**GIVEN INFORMATION**:
------------------------------------------------------------
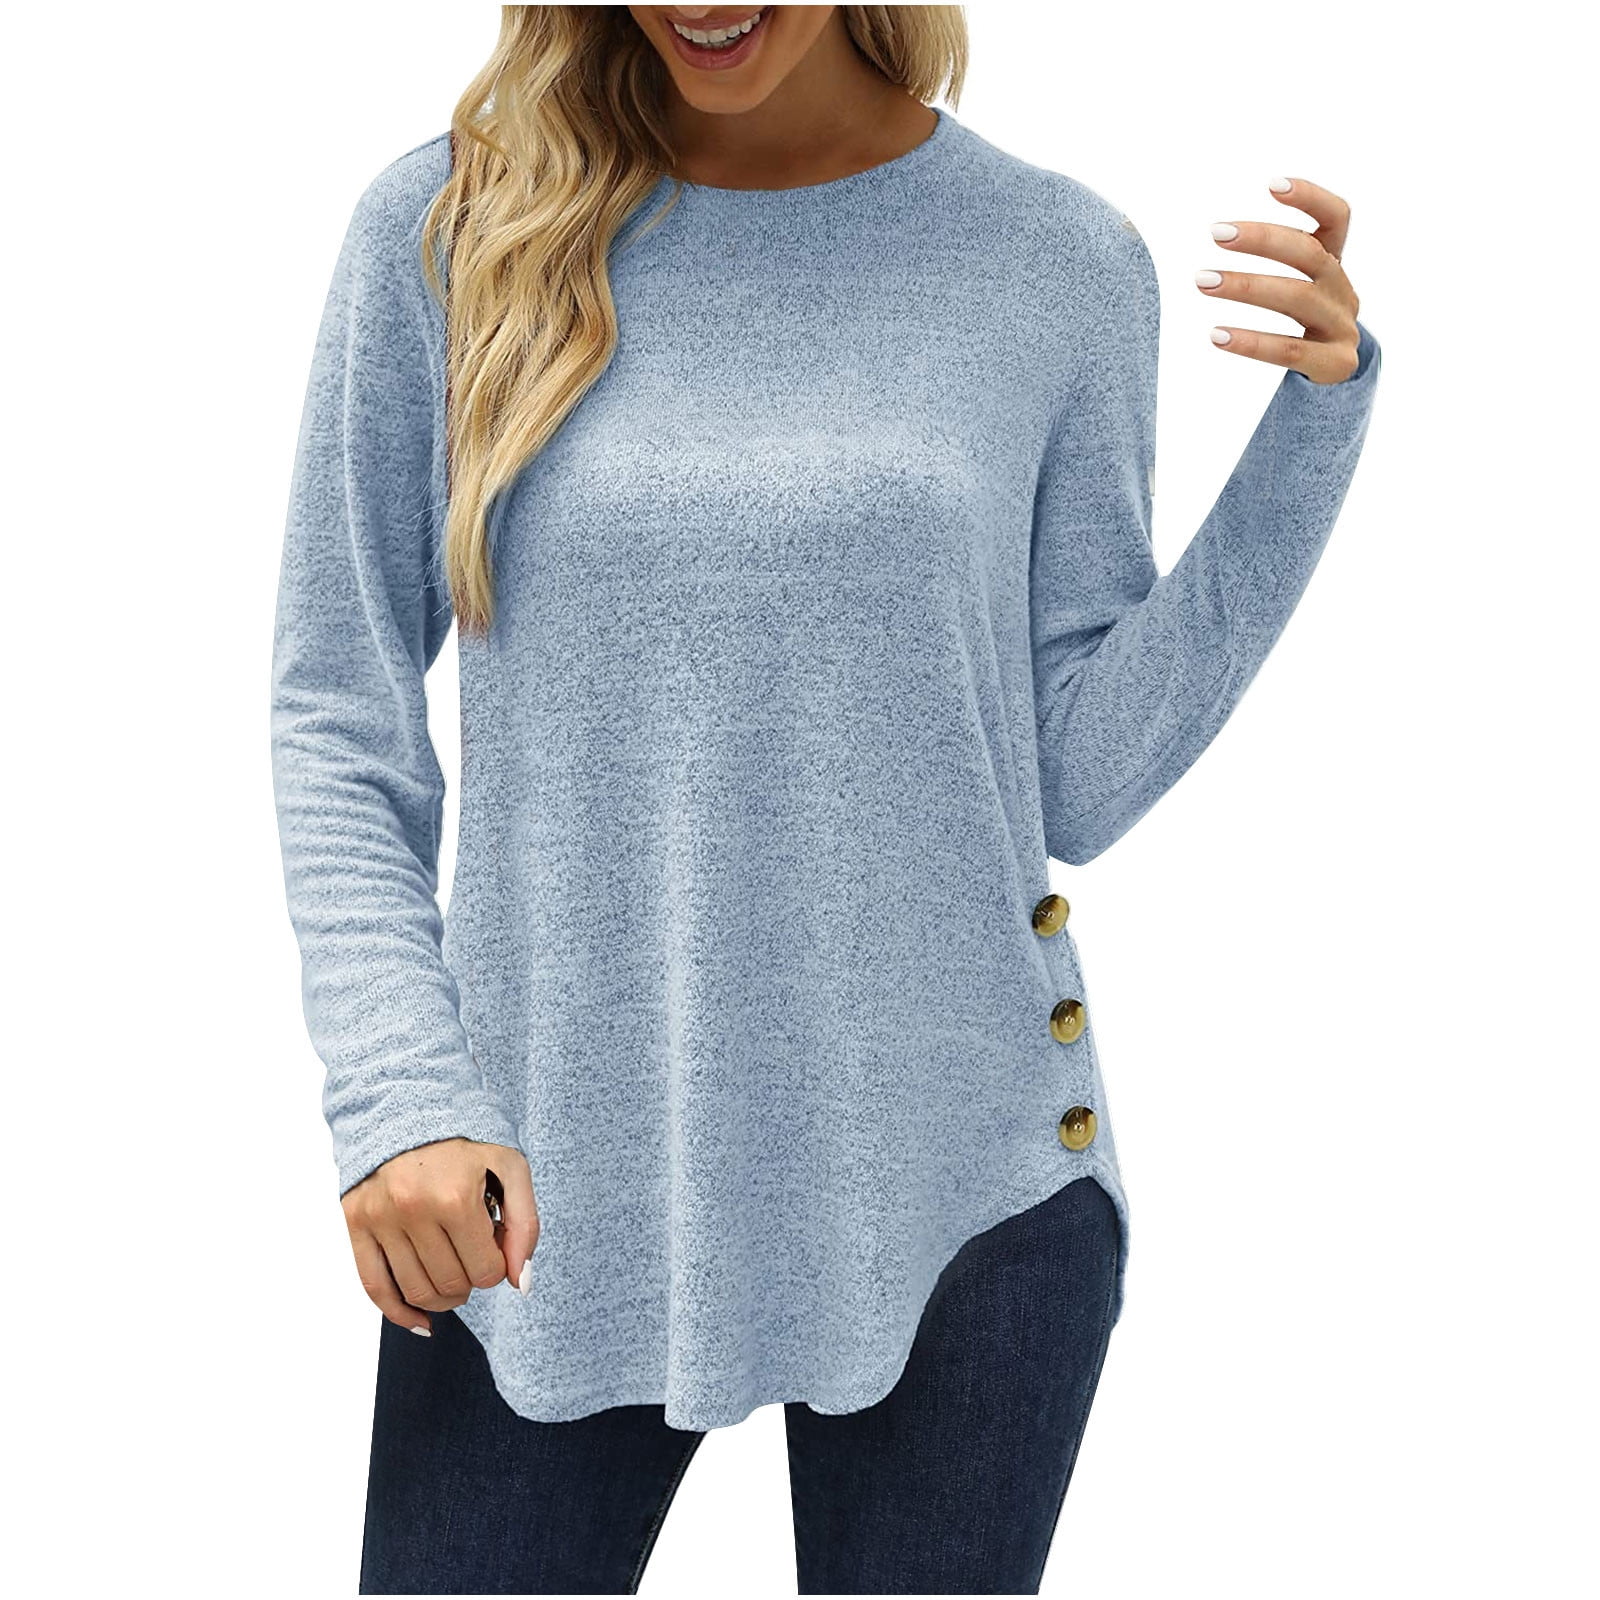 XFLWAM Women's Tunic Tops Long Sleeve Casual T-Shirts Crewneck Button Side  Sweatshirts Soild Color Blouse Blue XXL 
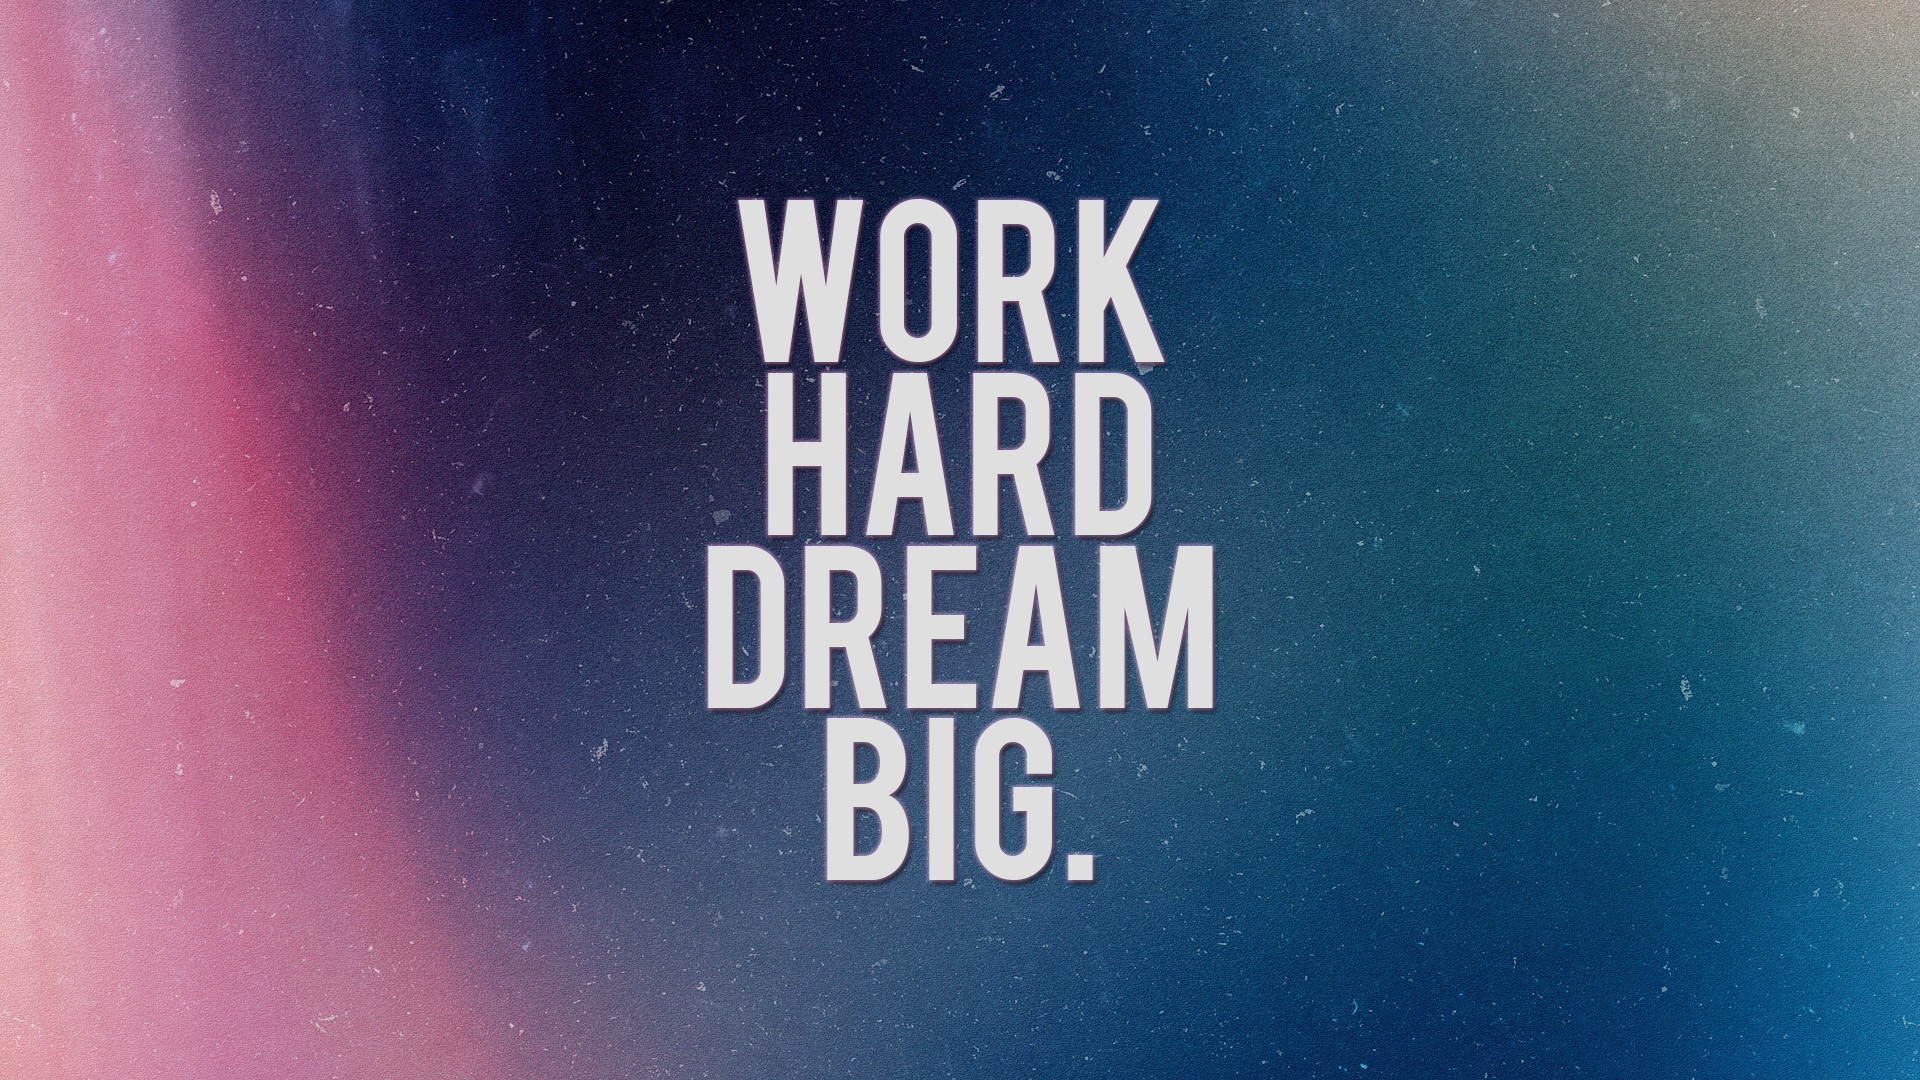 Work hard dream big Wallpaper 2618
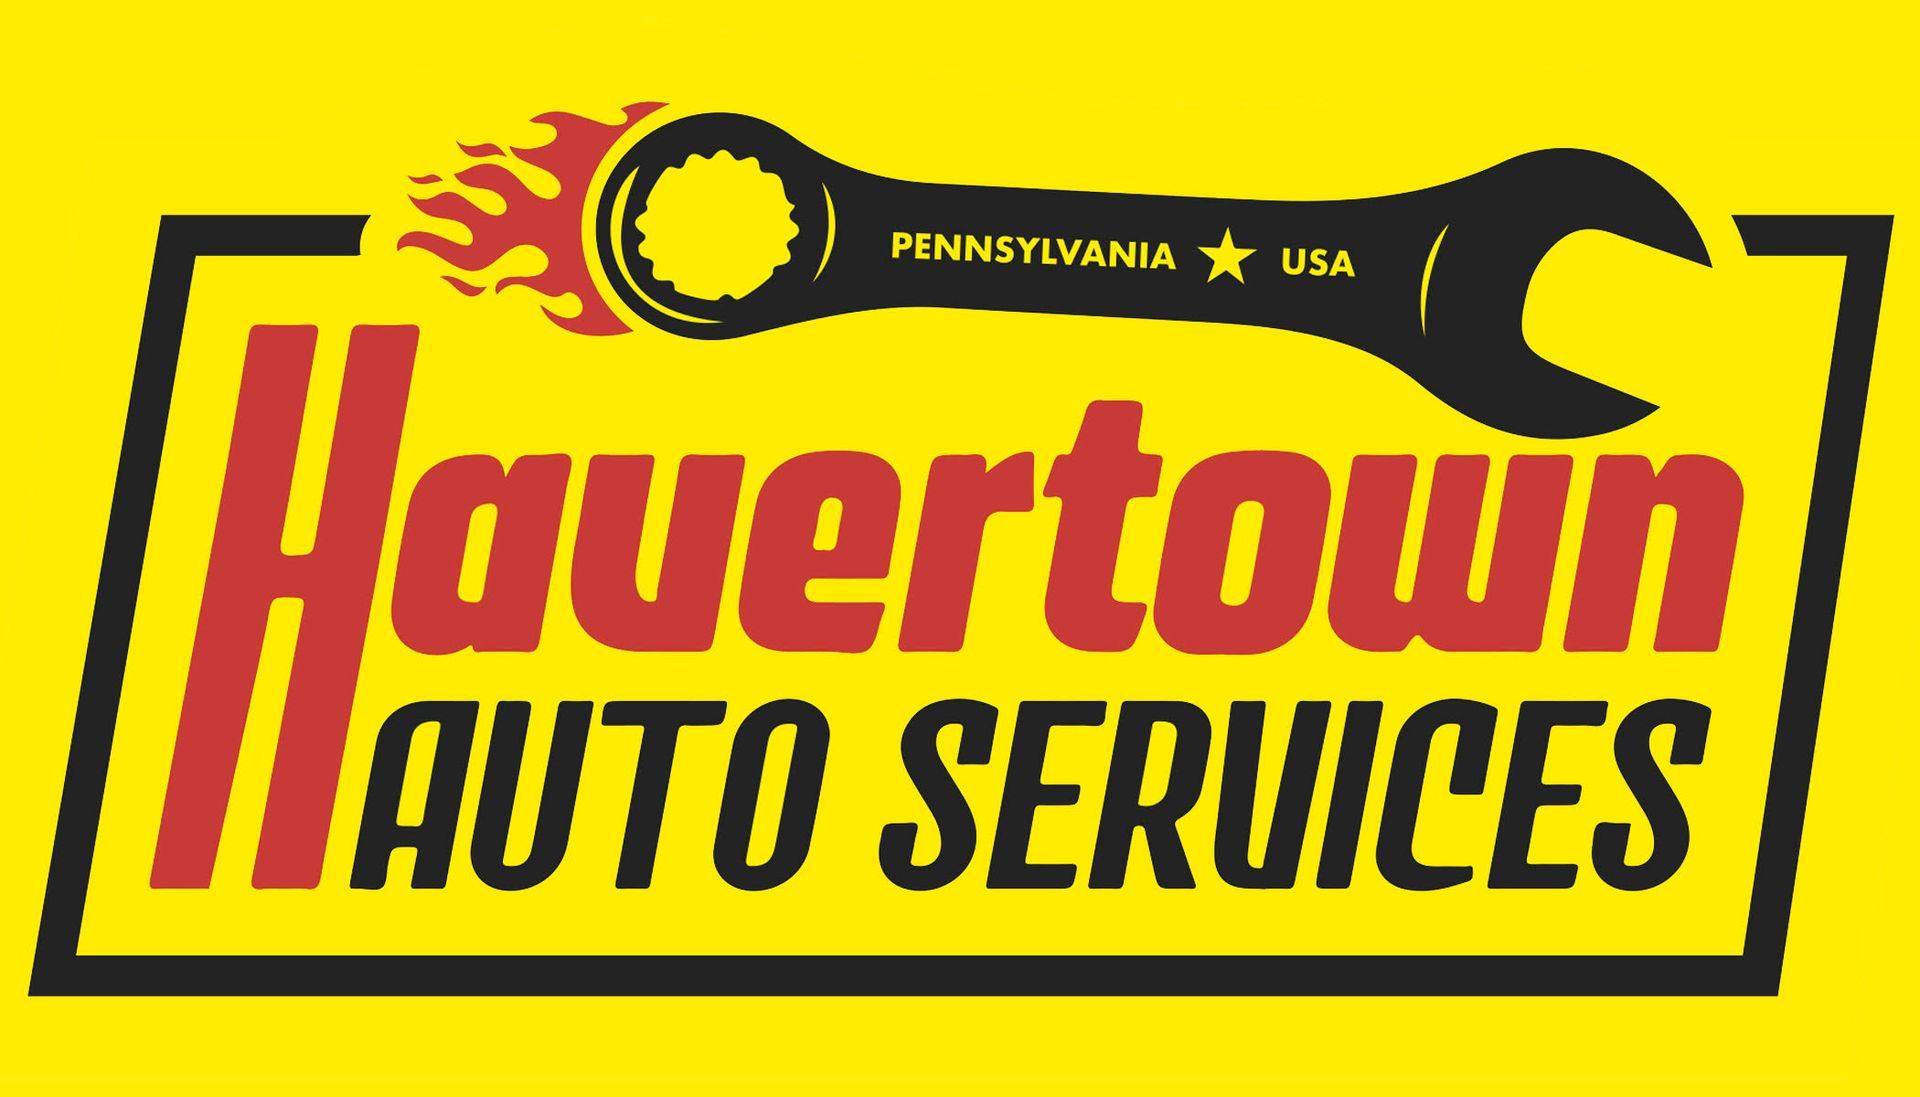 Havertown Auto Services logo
------------------------------------------------------------
**WHAT IS EXPECTED**:
Only the pictures are to be left out, and all of the data must otherwise be transcribed exactly.

**SOLUTION TO THIS EXERCISE**:
 XFLWAM Women's Tunic Tops Long Sleeve Casual T-Shirts Crewneck Button Side  Sweatshirts Soild Color Blouse Blue XXL 
 Work hard dream big Wallpaper 2618
 Havertown Auto Services logo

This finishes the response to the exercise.